Meta-analysis of the effects of RVD or pulmonary vascular dysfunction on mortality

Among the 12 included studies involving 2319 patients with ARDS, the OR of mortality in patients with ARDS and RVD or pulmonary vascular dysfunction was 1.68 (95% CI = 1.21–2.32, I² = 40.8%, P = 0.002), regardless of diagnostic methods or evaluation criteria.
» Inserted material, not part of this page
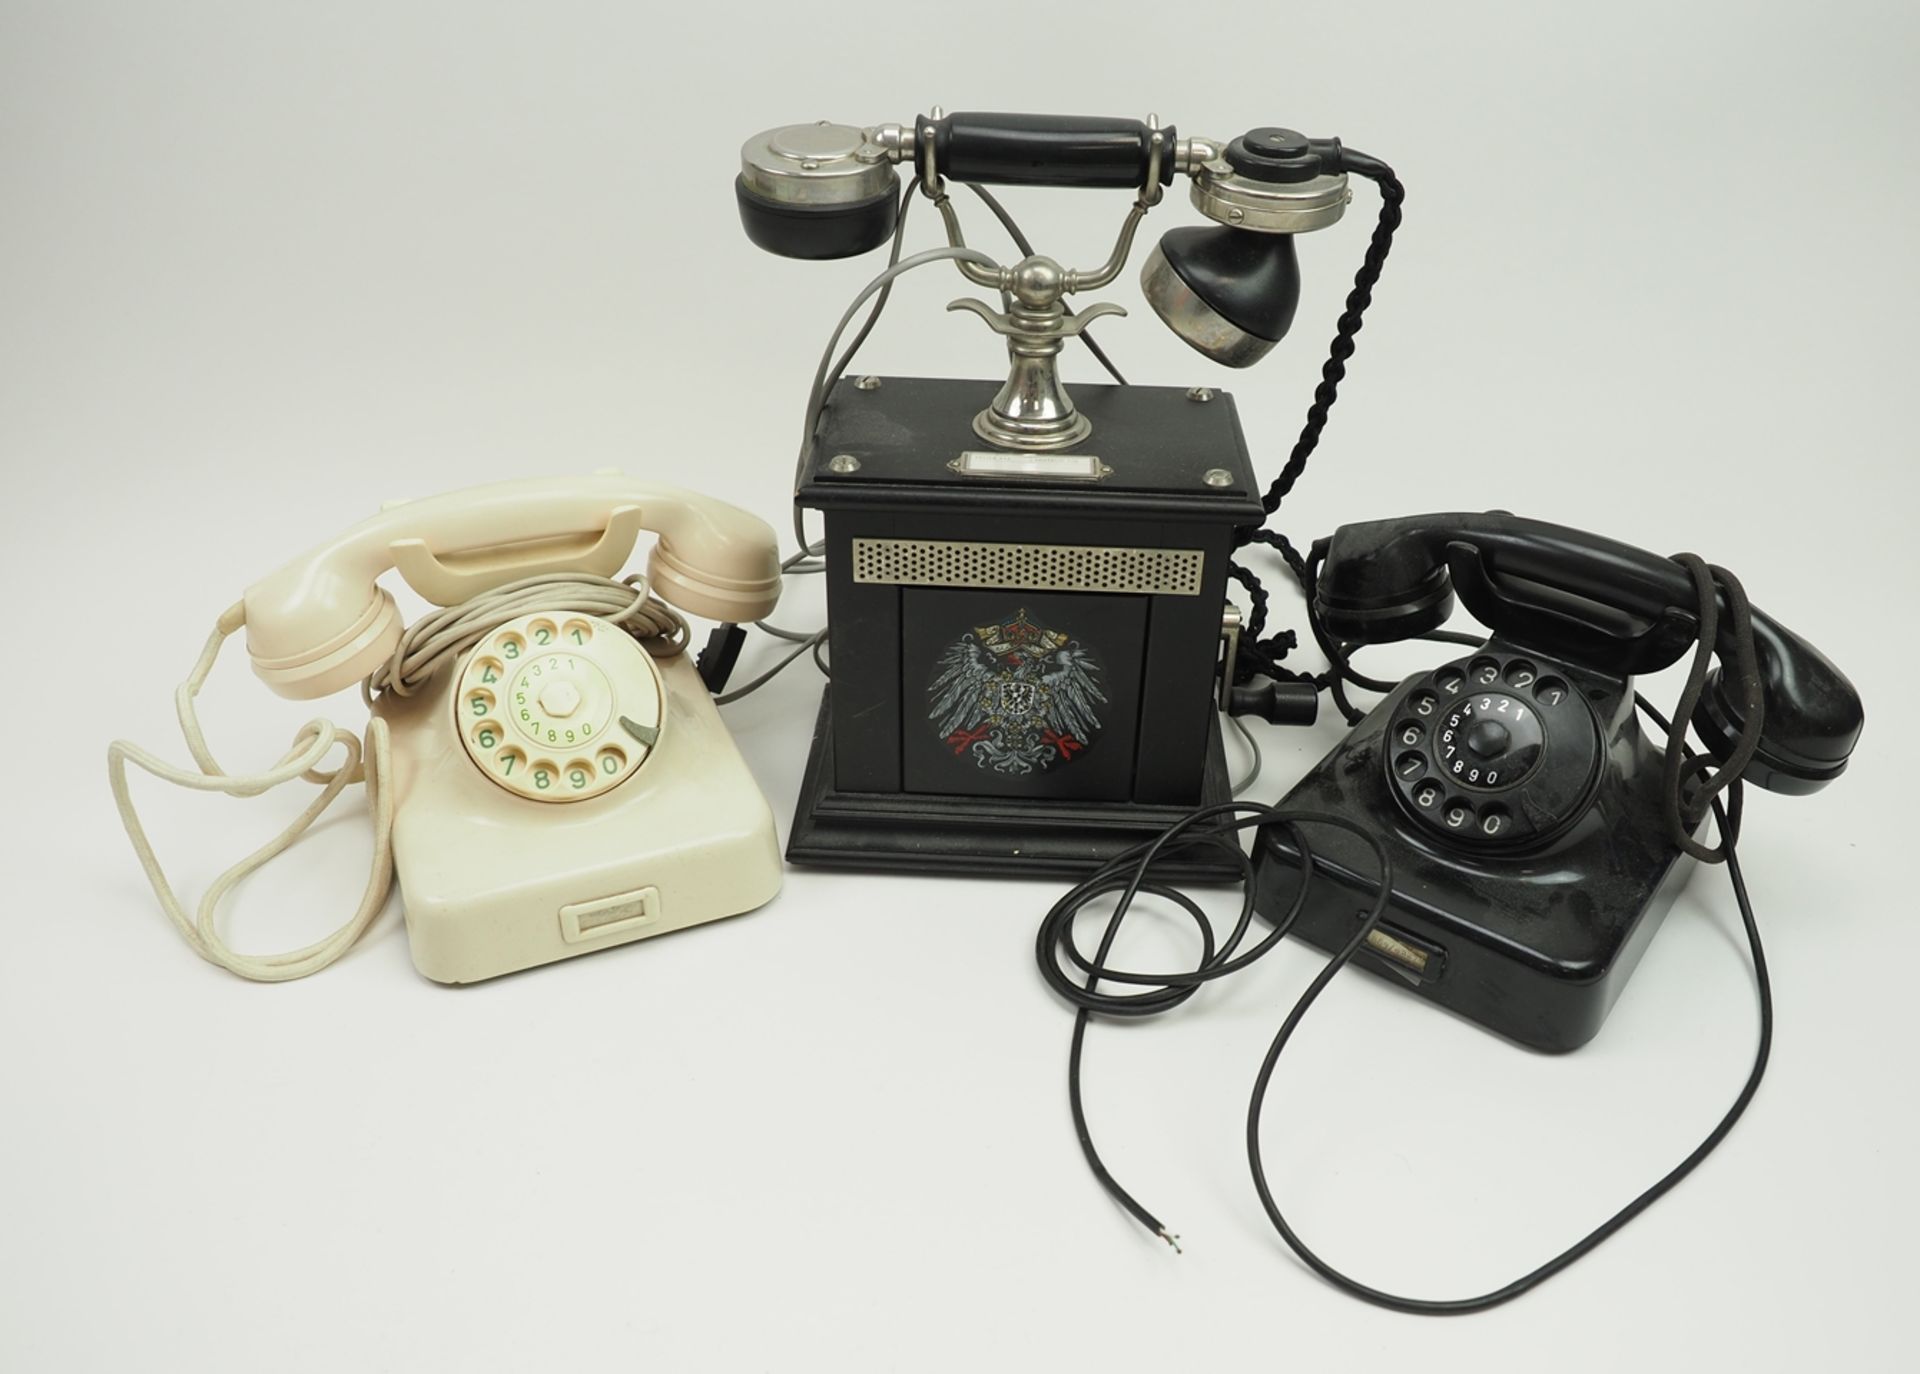 Lot Telefone / Amtsapparate - 3 Exemplare.

Given the presence of statistical heterogeneity, the data were analyzed using a random-effects model. The results of the overall meta-analysis indicated that the risk of death in patients with ARDS and RVD or pulmonary vascular dysfunction was significantly elevated, as compared with patients with ARDS and without RVD or pulmonary vascular dysfunction. The result of I² = 40.8% suggested that there was no apparent heterogeneity among studies (Fig. 2 ).

Fig 2 — Forest plot for odds ratio of mortality of right ventricular dysfunction or pulmonary vascular dysfunction in patients with acute respiratory distress syndrome undergoing lung protective ventilation.

Subgroup analysis

All 12 studies were included in subgroup analyses based on RVD types. Among them, eight studies enrolled patients with ACP2, 3, 4 ^, 8, 9, 10 ^, ¹² ^, ¹⁵ and four studies enrolled patients with pulmonary vascular dysfunction or mild RVD.⁷ ^, ¹¹ ^, ¹³ ^, ¹⁴ The types of RVD within the included studies are listed in e-Appendix 4. After pooling individual studies, ACP was significantly associated with death in patients with ARDS (OR = 1.57, 95% CI = 1.09−2.25, I² = 32.2%, P = 0.015). In contrast, in the subgroup analysis, there was no association between pulmonary vascular dysfunction or mild RVD and death (OR = 1.75, 95% CI = 0.81–3.75, P = 0.165, I² = 56.5%) (Fig. 3 ).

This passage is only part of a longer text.